WHAT TO PRODUCE: In the records below, find each line with "Christophe" and copy it.

─── INFORMATION SUPPLIED

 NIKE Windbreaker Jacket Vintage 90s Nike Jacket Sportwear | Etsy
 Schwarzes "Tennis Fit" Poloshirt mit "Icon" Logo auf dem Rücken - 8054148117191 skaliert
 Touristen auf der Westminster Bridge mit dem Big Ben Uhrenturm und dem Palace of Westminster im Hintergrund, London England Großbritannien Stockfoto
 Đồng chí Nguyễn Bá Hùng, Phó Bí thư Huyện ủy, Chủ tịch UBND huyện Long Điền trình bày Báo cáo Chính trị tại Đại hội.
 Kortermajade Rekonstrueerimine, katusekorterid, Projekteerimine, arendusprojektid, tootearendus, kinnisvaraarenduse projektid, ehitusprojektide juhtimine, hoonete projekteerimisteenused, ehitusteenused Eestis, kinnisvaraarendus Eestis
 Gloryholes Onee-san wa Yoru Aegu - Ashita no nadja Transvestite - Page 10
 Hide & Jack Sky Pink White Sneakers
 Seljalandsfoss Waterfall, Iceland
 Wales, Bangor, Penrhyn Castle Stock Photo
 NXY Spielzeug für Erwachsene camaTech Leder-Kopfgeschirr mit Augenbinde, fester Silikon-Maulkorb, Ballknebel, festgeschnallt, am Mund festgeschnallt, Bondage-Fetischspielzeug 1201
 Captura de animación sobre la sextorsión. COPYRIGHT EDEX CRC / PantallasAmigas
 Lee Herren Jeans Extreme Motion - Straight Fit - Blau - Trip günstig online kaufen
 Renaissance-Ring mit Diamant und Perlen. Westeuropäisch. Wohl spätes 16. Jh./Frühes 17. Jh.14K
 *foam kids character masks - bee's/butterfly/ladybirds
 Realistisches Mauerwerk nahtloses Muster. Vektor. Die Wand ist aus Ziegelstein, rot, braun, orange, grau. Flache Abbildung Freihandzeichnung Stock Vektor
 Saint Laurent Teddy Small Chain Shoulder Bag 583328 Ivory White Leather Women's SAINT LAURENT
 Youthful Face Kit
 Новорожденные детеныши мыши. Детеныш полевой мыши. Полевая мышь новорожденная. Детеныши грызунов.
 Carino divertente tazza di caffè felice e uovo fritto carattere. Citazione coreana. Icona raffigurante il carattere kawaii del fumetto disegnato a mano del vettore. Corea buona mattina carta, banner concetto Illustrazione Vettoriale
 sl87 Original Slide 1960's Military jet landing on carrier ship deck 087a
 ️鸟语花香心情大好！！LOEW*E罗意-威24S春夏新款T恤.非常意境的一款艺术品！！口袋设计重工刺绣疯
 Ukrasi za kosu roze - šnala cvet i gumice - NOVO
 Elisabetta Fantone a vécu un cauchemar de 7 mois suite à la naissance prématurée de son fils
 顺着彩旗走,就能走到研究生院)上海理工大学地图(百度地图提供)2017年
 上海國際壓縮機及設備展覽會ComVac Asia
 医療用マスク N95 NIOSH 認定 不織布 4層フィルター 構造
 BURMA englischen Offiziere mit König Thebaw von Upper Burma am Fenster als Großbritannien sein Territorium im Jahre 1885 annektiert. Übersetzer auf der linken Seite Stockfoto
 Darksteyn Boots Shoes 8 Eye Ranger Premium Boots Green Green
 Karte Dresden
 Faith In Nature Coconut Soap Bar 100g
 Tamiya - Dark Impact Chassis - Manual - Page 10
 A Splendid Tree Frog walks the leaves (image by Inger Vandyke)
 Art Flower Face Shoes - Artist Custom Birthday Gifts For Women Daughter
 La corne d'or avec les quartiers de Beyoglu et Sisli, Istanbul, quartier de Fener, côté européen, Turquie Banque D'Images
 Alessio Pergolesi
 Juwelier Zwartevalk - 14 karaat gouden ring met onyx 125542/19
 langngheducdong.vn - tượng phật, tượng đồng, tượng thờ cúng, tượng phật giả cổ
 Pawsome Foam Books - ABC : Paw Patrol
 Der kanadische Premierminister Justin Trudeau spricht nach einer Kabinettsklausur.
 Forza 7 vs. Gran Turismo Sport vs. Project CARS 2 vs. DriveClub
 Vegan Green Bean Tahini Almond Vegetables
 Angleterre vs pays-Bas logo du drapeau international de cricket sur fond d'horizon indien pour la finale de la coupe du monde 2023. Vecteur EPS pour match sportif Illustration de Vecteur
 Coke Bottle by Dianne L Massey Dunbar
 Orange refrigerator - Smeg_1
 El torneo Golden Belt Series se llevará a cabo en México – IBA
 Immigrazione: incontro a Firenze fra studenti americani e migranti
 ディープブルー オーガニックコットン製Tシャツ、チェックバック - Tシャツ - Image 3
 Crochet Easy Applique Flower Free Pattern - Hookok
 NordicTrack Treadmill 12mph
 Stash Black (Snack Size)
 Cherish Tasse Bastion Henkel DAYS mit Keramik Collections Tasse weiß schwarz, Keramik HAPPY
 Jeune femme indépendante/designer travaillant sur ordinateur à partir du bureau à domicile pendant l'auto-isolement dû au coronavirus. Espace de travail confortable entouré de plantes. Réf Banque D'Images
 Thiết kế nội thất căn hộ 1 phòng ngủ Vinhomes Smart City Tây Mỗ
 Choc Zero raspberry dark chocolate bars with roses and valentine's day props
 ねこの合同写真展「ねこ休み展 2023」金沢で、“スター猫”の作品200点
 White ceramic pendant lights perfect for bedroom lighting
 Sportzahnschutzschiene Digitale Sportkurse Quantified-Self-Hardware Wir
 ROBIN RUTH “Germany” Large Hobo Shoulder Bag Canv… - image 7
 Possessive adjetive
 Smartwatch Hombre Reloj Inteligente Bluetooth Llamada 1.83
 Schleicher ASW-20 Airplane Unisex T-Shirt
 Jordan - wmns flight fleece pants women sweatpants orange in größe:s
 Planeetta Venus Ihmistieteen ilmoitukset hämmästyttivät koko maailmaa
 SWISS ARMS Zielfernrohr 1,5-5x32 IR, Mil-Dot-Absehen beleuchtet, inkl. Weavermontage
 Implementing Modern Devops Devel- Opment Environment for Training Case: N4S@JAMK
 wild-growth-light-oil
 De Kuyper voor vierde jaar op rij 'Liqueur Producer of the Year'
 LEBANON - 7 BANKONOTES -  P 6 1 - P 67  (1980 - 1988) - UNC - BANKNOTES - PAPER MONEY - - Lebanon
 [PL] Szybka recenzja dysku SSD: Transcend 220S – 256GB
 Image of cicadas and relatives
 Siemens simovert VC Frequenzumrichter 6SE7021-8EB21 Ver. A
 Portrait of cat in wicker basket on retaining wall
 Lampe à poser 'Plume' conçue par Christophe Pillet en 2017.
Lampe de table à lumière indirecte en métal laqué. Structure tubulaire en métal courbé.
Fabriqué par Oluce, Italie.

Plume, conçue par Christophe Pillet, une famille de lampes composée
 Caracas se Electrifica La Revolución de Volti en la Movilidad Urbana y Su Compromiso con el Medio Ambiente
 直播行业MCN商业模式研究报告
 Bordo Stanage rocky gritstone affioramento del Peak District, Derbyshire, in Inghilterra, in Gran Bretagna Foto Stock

──────

TASK OUTPUT:
 Lampe à poser 'Plume' conçue par Christophe Pillet en 2017.
Plume, conçue par Christophe Pillet, une famille de lampes composée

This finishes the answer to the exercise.